Dataset excerpt
☆ ☆ ☆ ☆

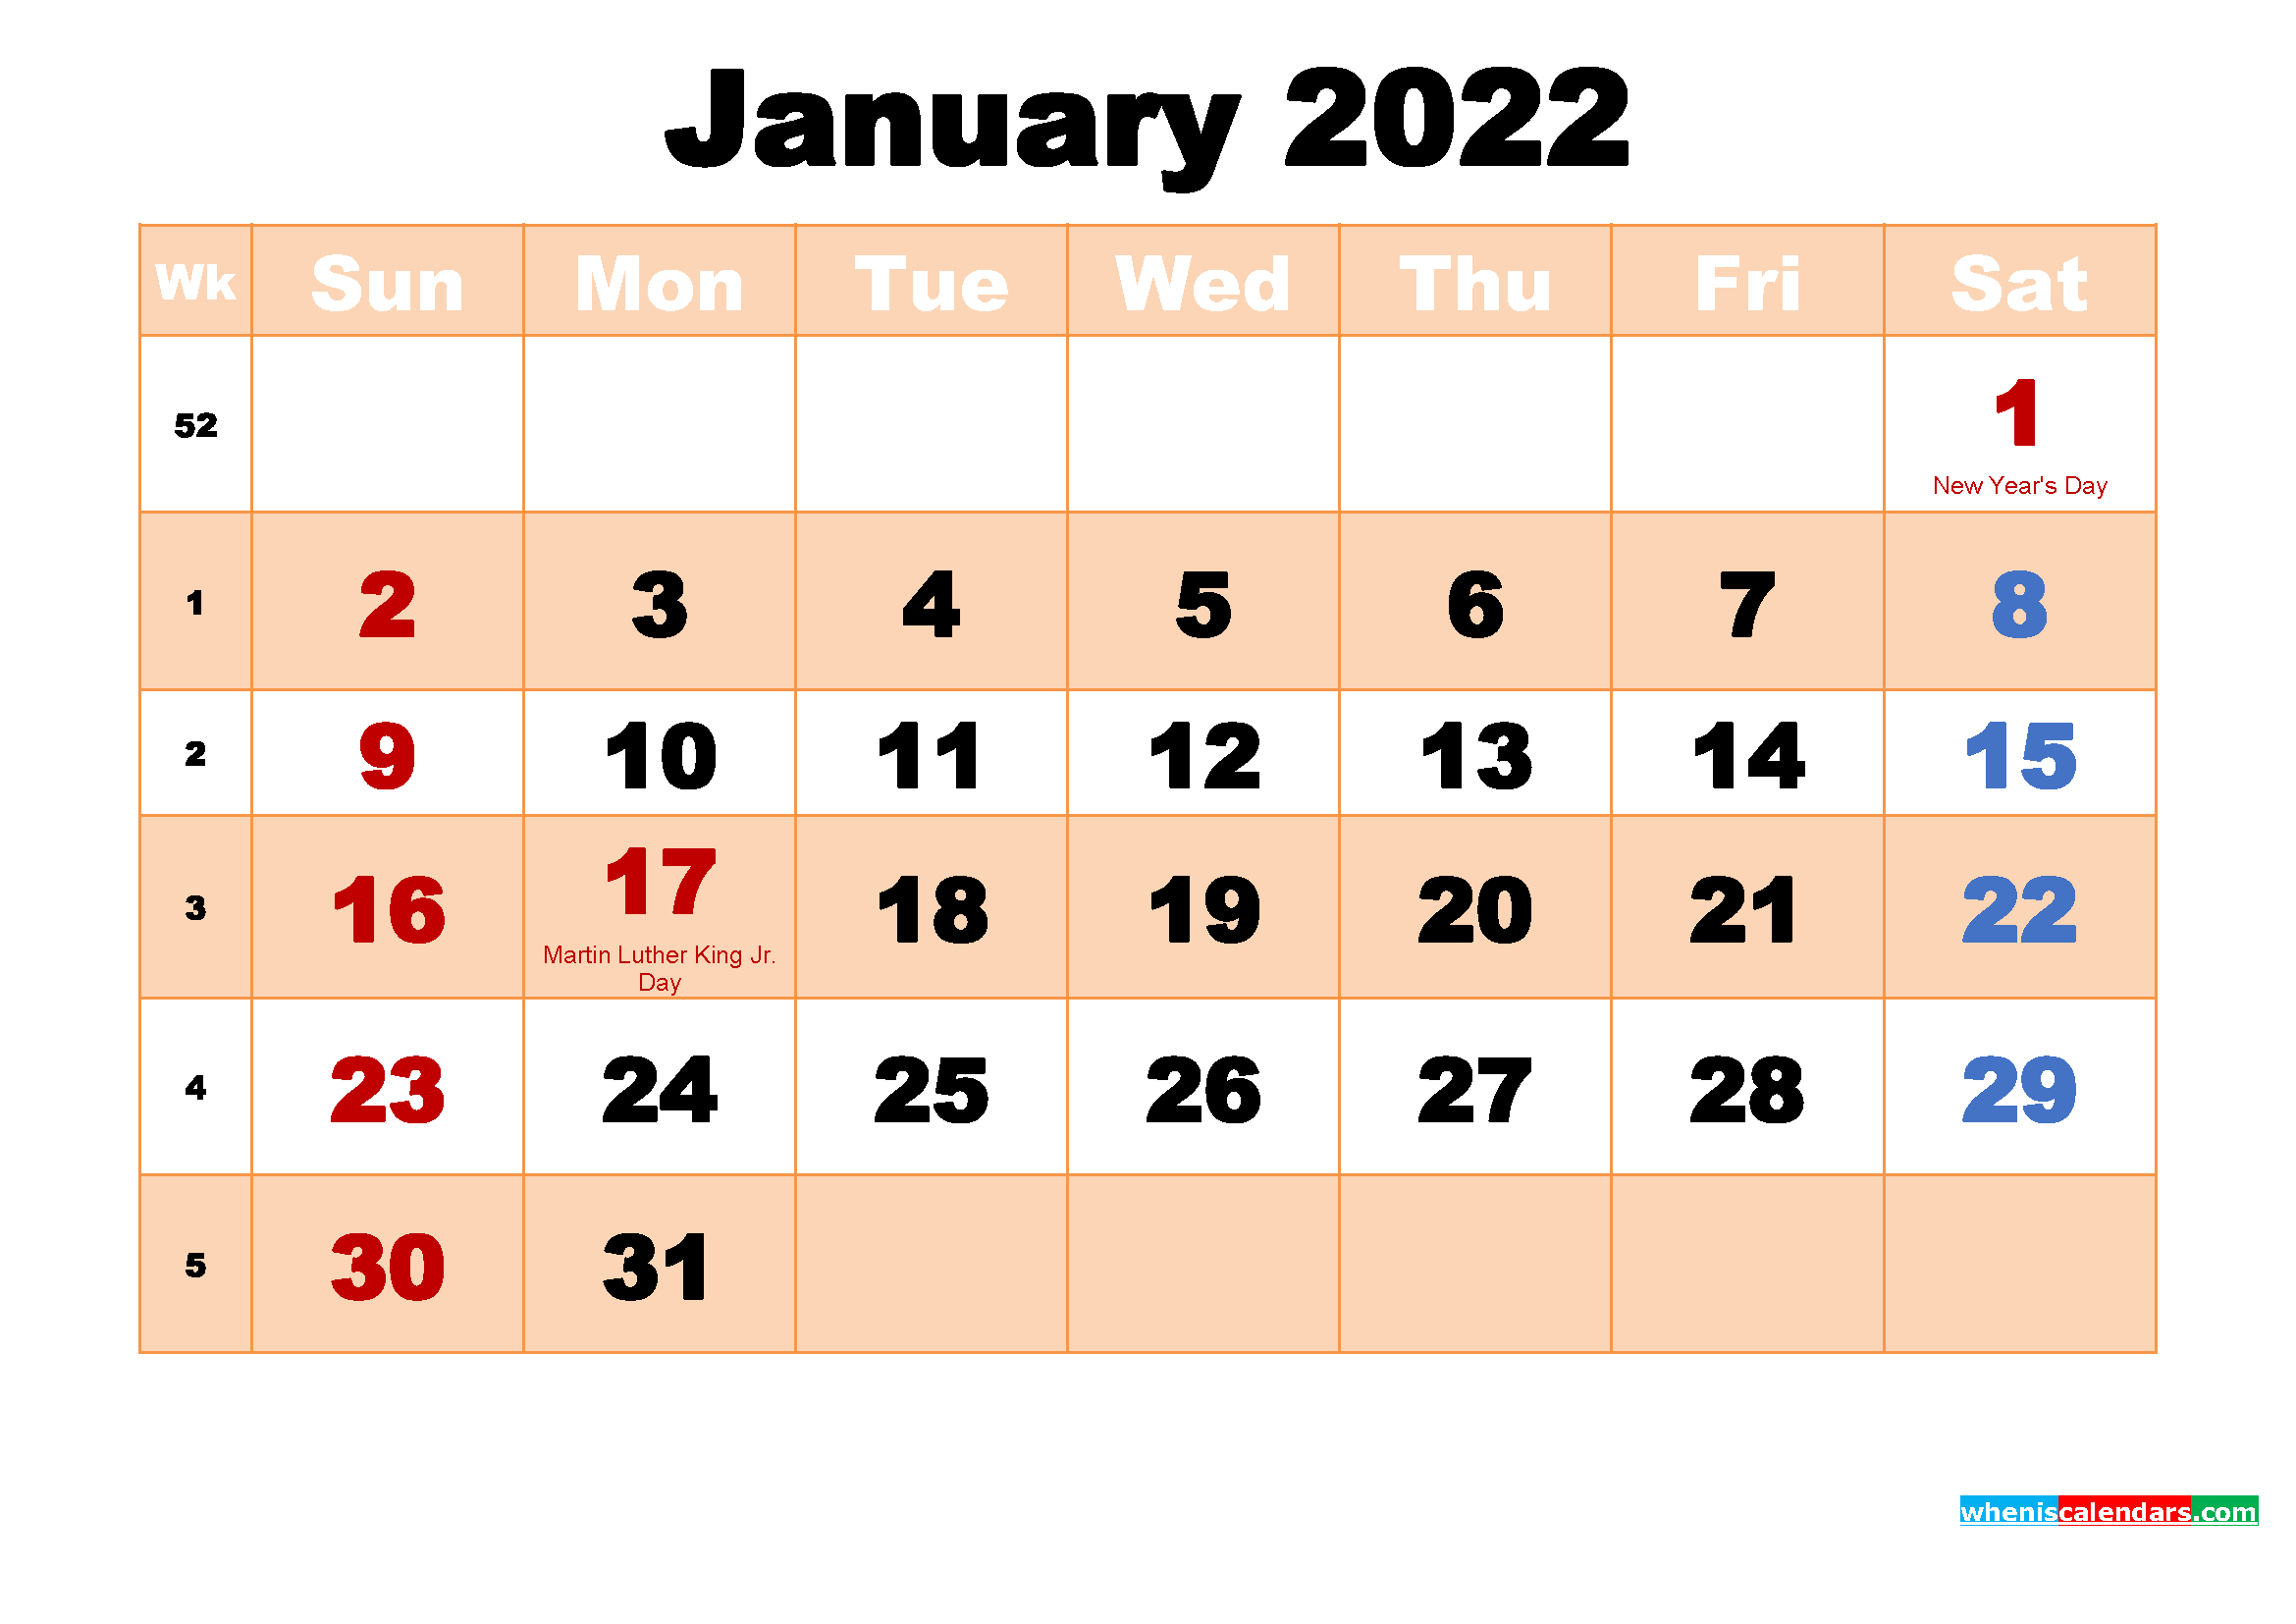 Free Printable January 2022 Calendar With Holidays within Free Printable January Calendar 2022 Photo
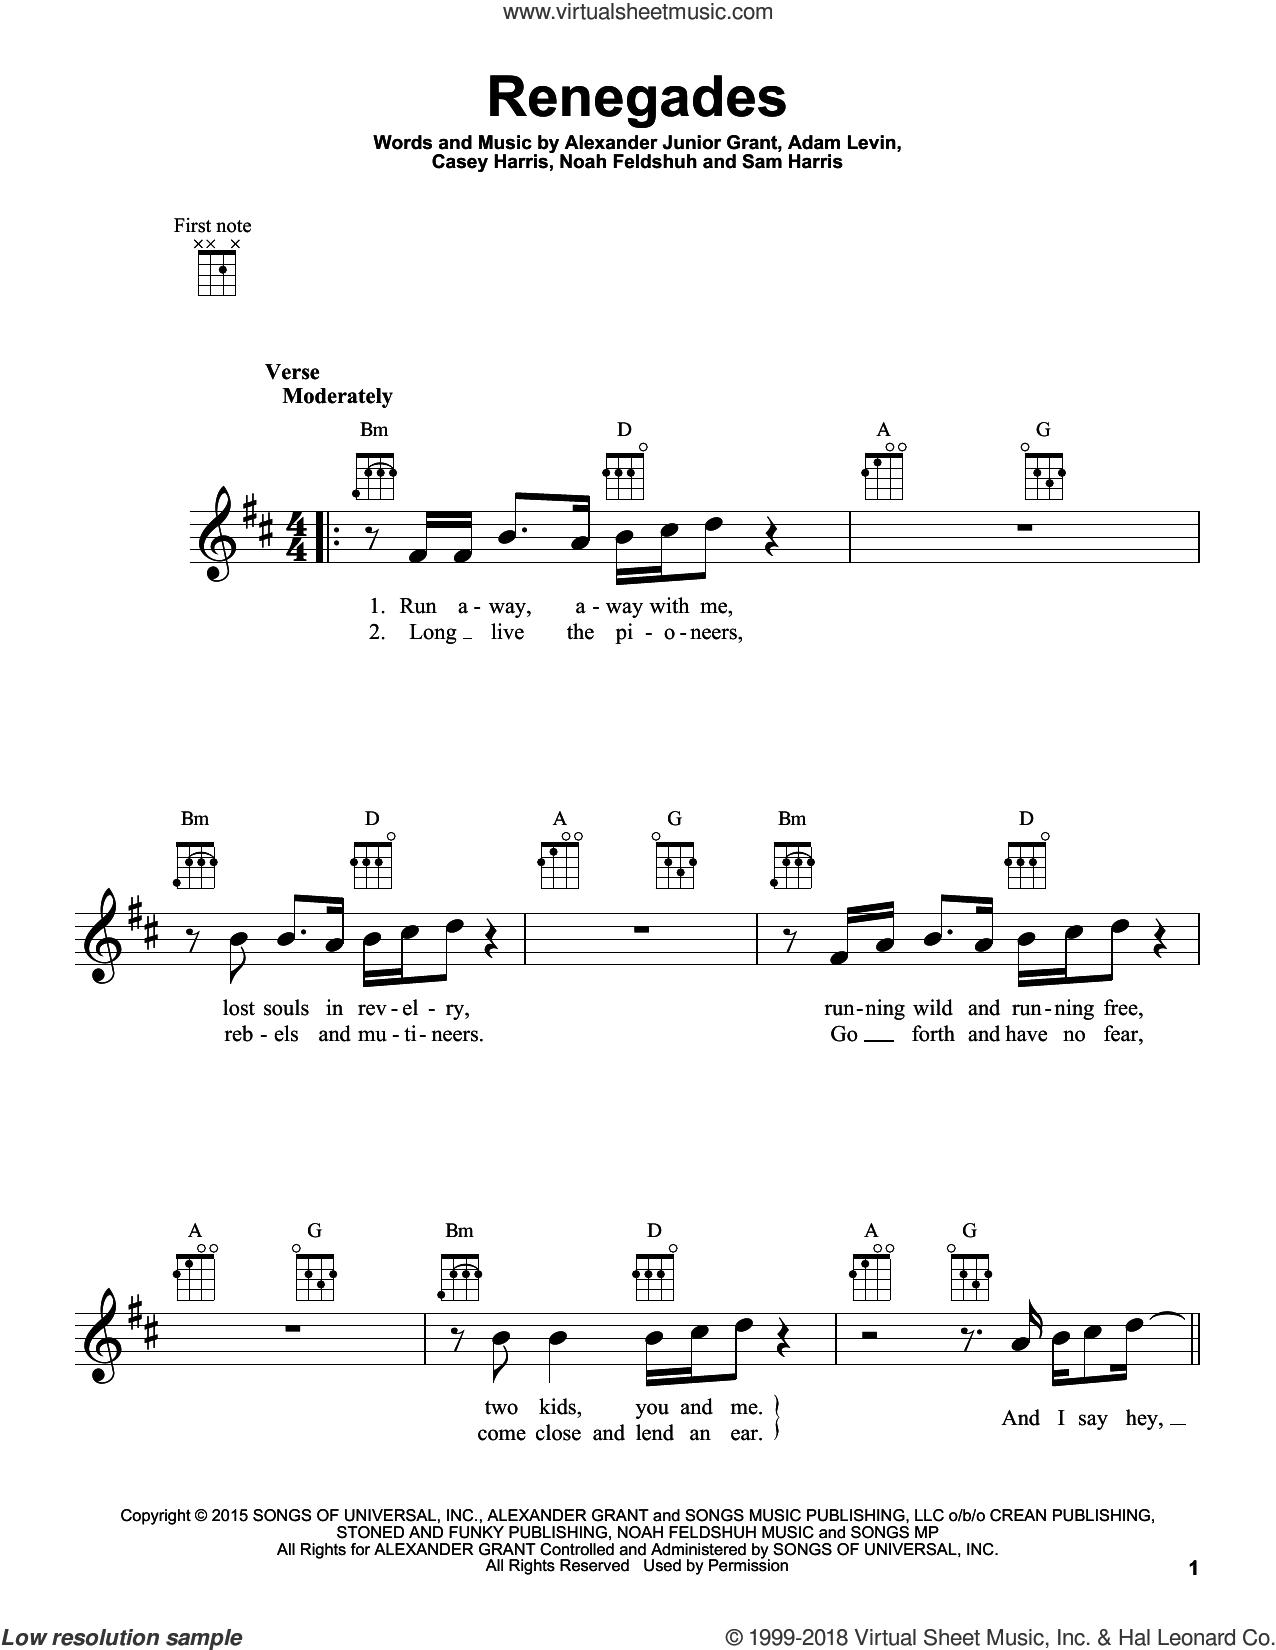 Renegades sheet music for ukulele by X Ambassadors, Adam Levin, Alexander Junior Grant, Casey Harris, Noah Feldshuh and Samuel Harris, intermediate skill level
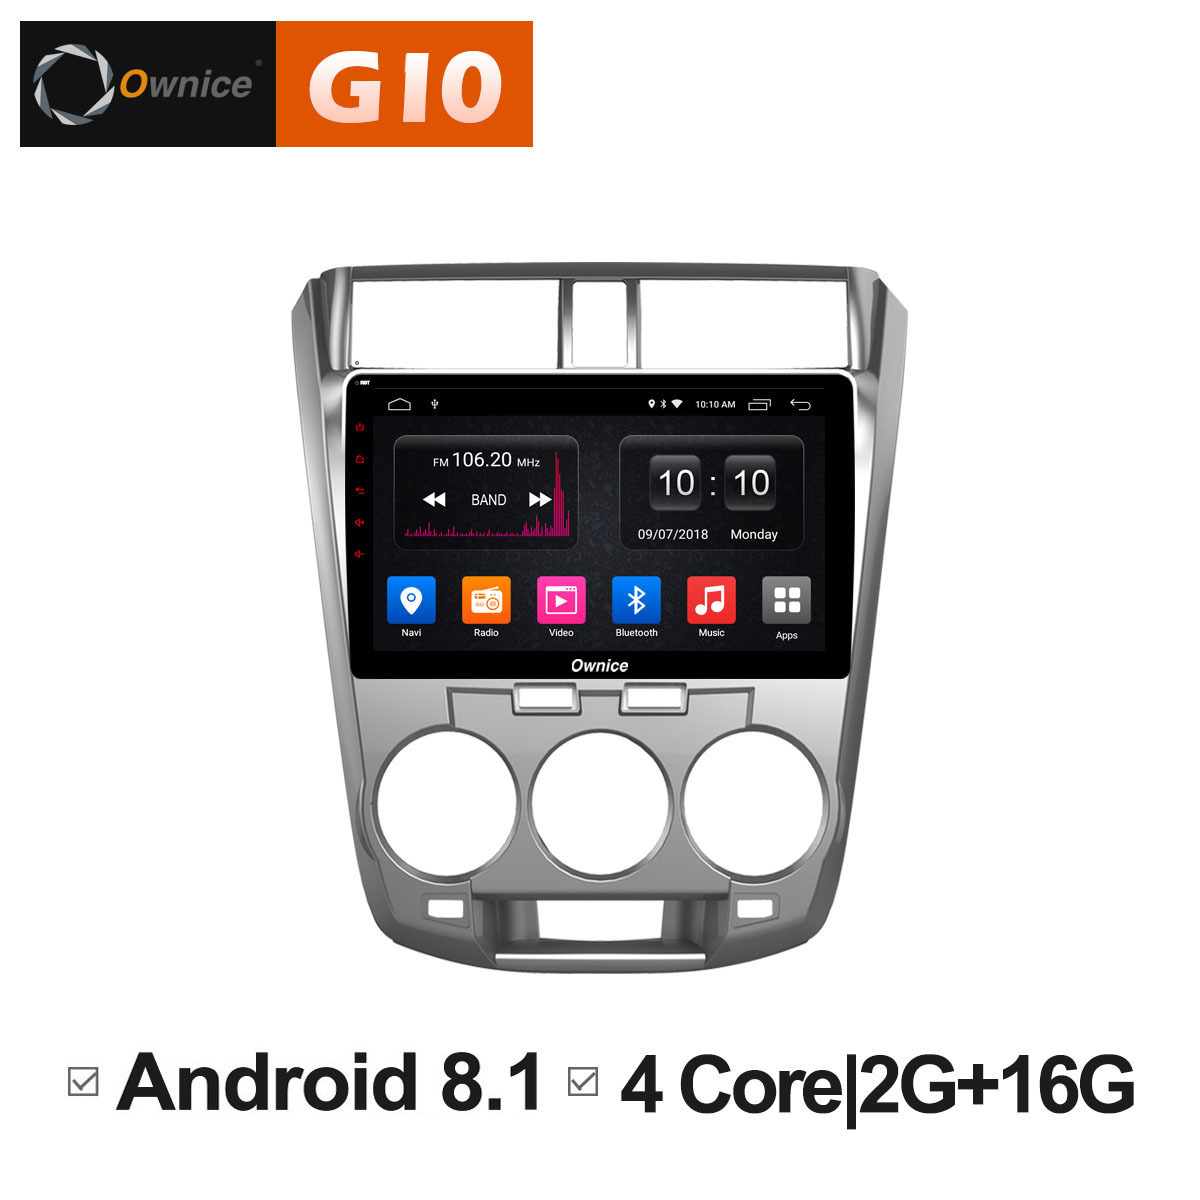 Android 8.1 Unit Car radio Multimedia Video DVD player for HONDA CITY 2009 2010 2011 2012 2013 2014 Car GPS Navi Intelligent PC цена 2017

☆ ☆ ☆ ☆

Problem requirements
Using the material above, restate word for word the lines from the line that has "Renegades sheet music" to the last line, inclusive, with pictures omitted.

Response for this exercise
 Renegades sheet music for ukulele by X Ambassadors, Adam Levin, Alexander Junior Grant, Casey Harris, Noah Feldshuh and Samuel Harris, intermediate skill level
 Android 8.1 Unit Car radio Multimedia Video DVD player for HONDA CITY 2009 2010 2011 2012 2013 2014 Car GPS Navi Intelligent PC цена 2017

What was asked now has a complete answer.